IBM’s AS 400 (nee System 38; now a component of the iSeries (they changed the name again to “IBM i”)) has elements of capabilities in the hardware. In particular it has memory in which some 64 bit words (128 bits now) may be marked as capabilities in order to prevent user access to the bits of these capabilities thus preventing counterfeit capabilities. It is many years since I knew a bit about the system 38. I think that there were user mode instructions to load memory capabilities into addressing registers and these registers provided access to yet more memory. Protection of these capabilities from corruption is at the bottom level of system integrity. Reading the recent architecture overview leads me to speculate that the technology-independent machine interface (TIMI) is trusted to emit distinguished load and store commands for access to the special words that hold capabilities. The hardware protection is necessary for efficiency for there is no logic in TIMI to remember which big words hold capabilities. Addresses are formed by the logic of untrusted HILI (HI Level Instructions) code. The translation by TIMI from HILI to the real instructions is without benefit of a theory of types in RAM. Which registers held addresses derived from capabilities, is the business of the translator. I think that there are user mode commands in HILI to safely interconvert words between capabilities and data. The hardware verifies that the capability loads and stores access only capability words and the same for data.

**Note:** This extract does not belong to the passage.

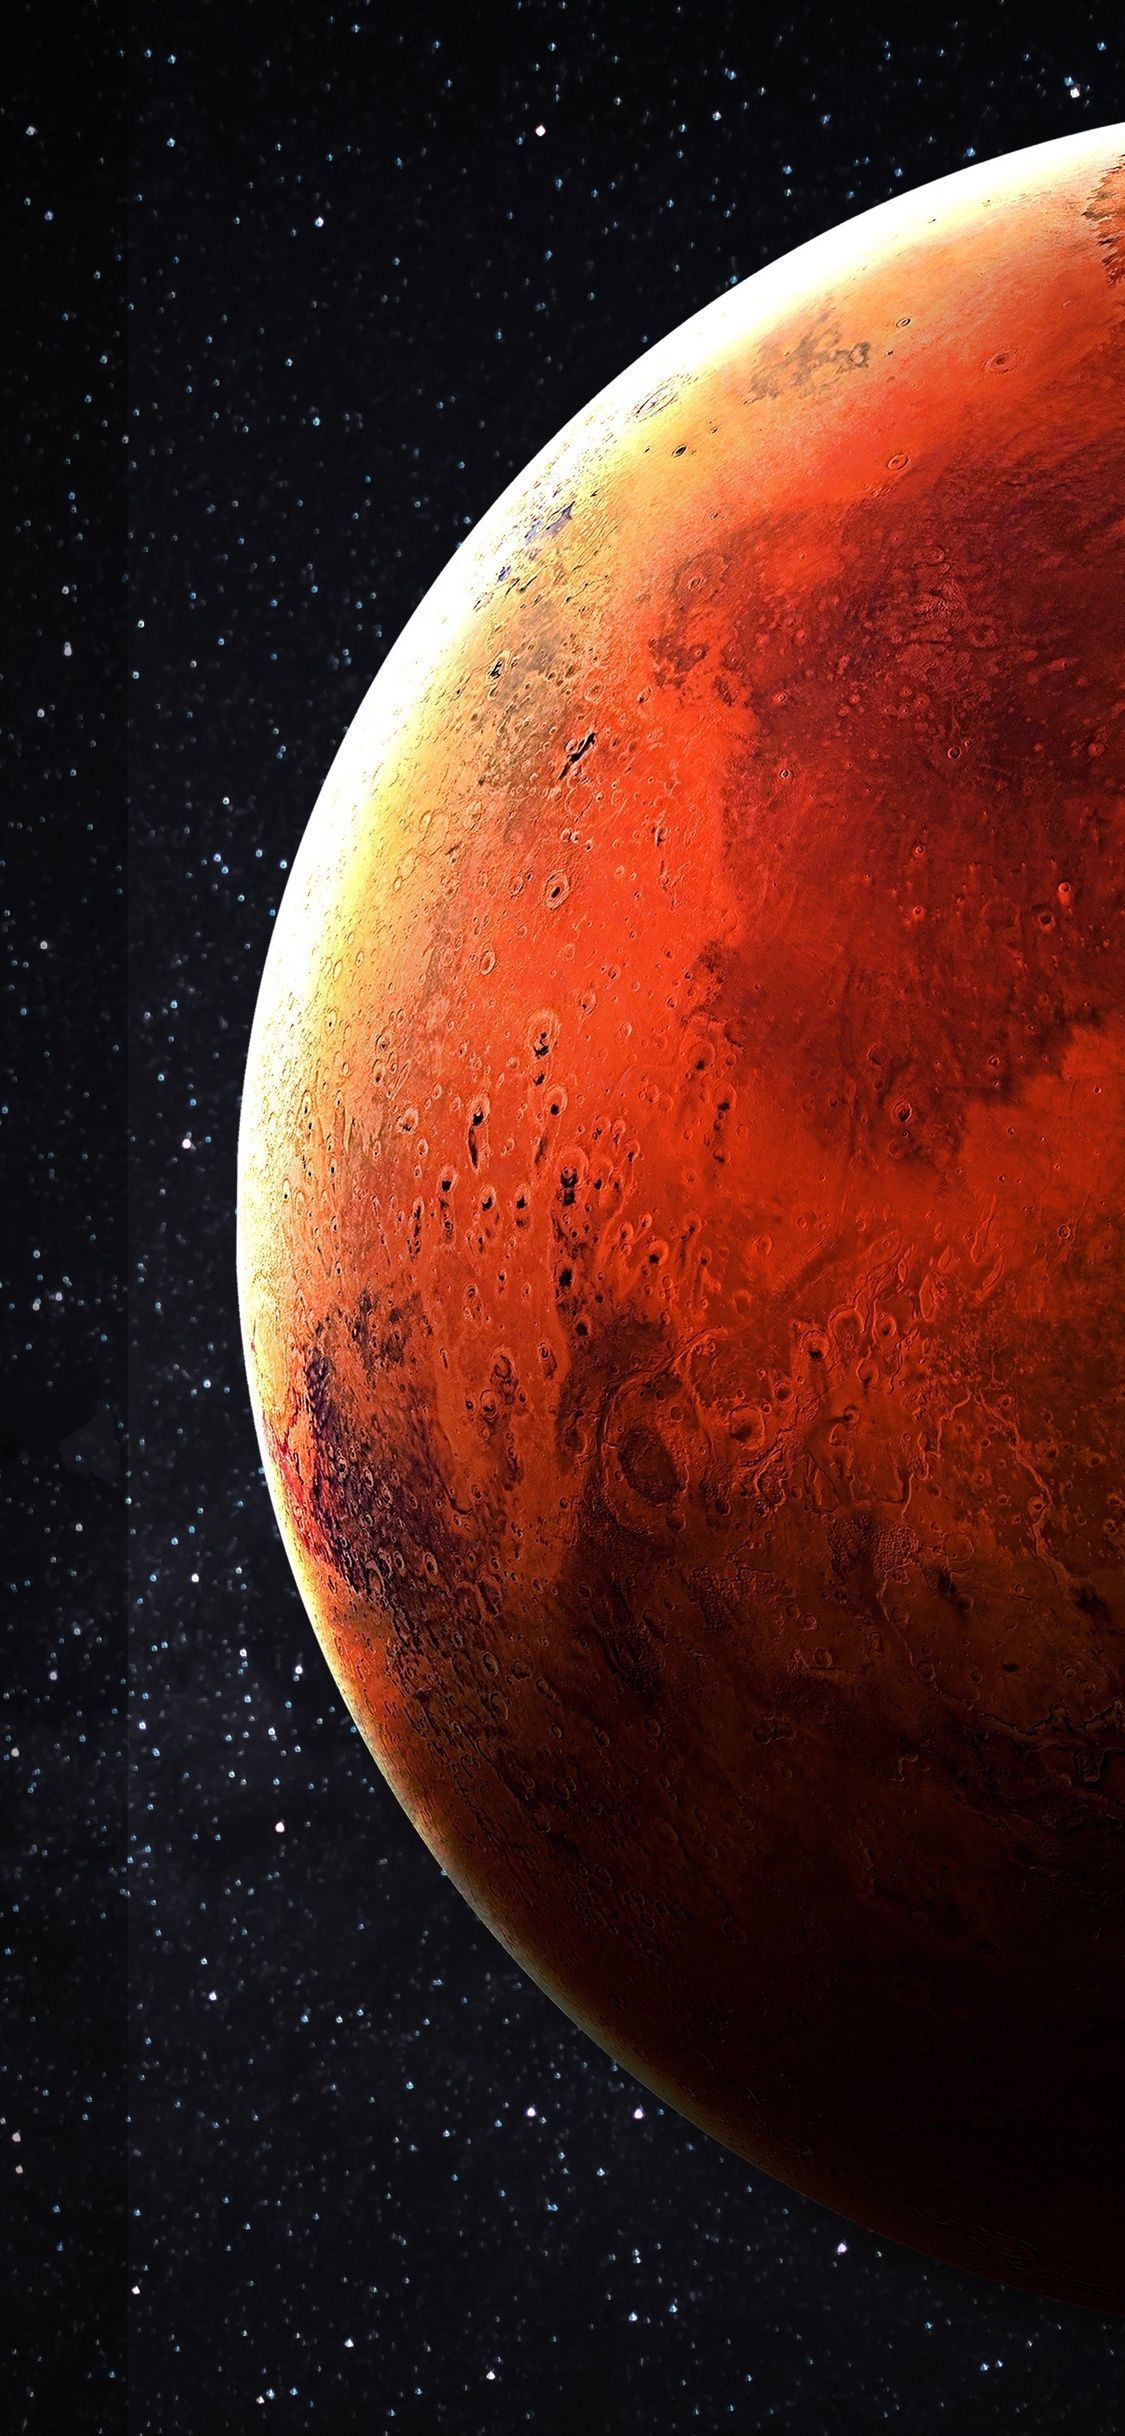 Mars planet in the space wallpaper 12429 - Mars

I don’t like mixing capabilities with data. It works but too many familiar patterns are damaged. No longer can you blindly copy regions of memory; you must feel for the capabilities and use other instructions to copy them. I suppose that traps can ease the cost of testing, but not the cost of encountering them. No longer can you merely swap out a page, for the special words must preserve their specialness. The one fundamental advantage for intermixed capabilities that I am aware of is that data structures, ala C’s struct can include capabilities. This is a natural and useful thing to do, but I think it is not worth the cost. See this.

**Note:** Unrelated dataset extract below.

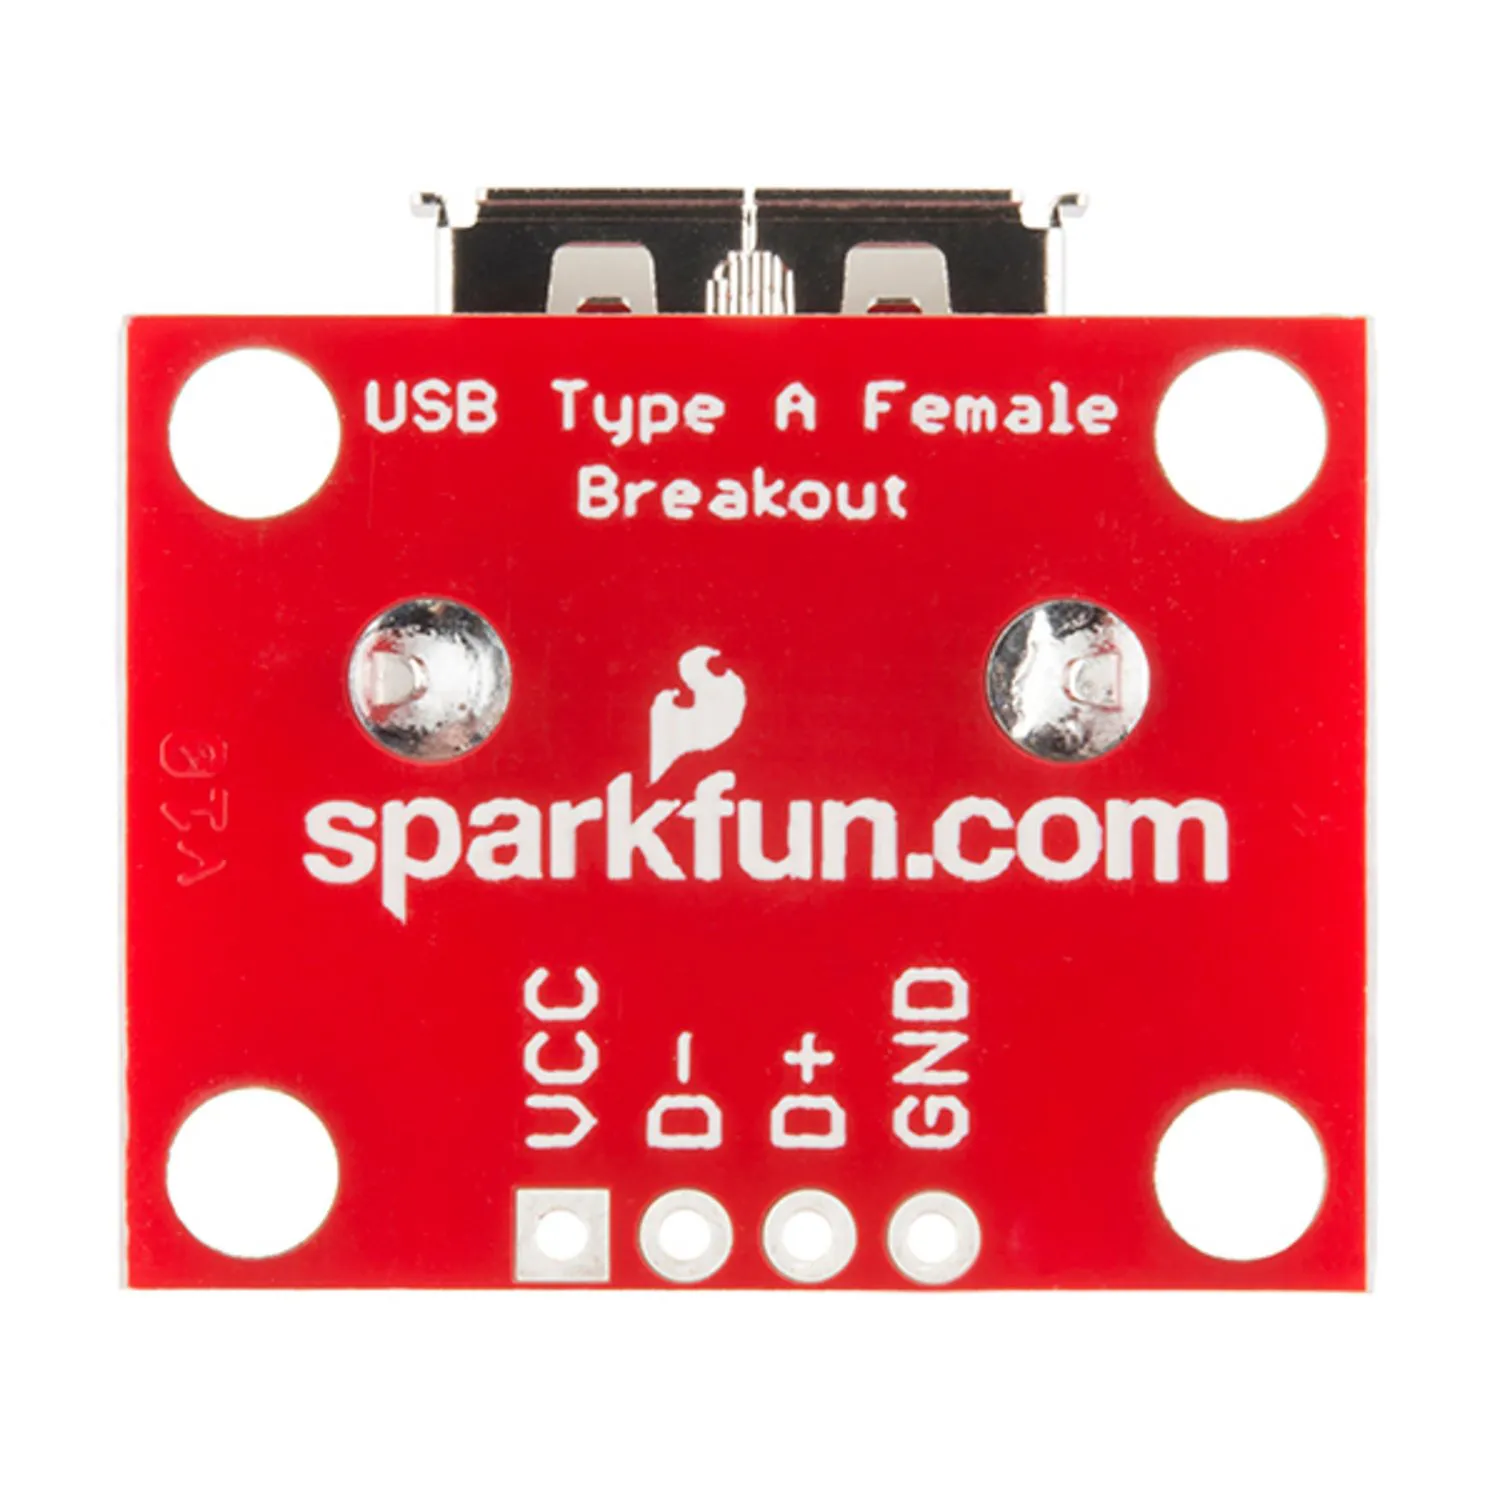 Photo of SparkFun USB Type A Female Breakout

Pure software capability systems, and some hardware capability systems, segregate capabilities in their own pages. Keykos runs on conventional (non-capability) hardware. In Keykos capability pages are smaller than data pages and are pure software constructs called nodes. In the Plessey 250 capabilities live in standard hardware defined pages and the page map provides access to such pages only as capabilities. As an additional protection capabilities were stored with a different parity than data.
Here is a cryptographic proposal to mix data with capabilities.
Ronald Pose’s later designs.
Segregating capabilities from data in registers is independent from segregating them in memory. There are all four possible system designs.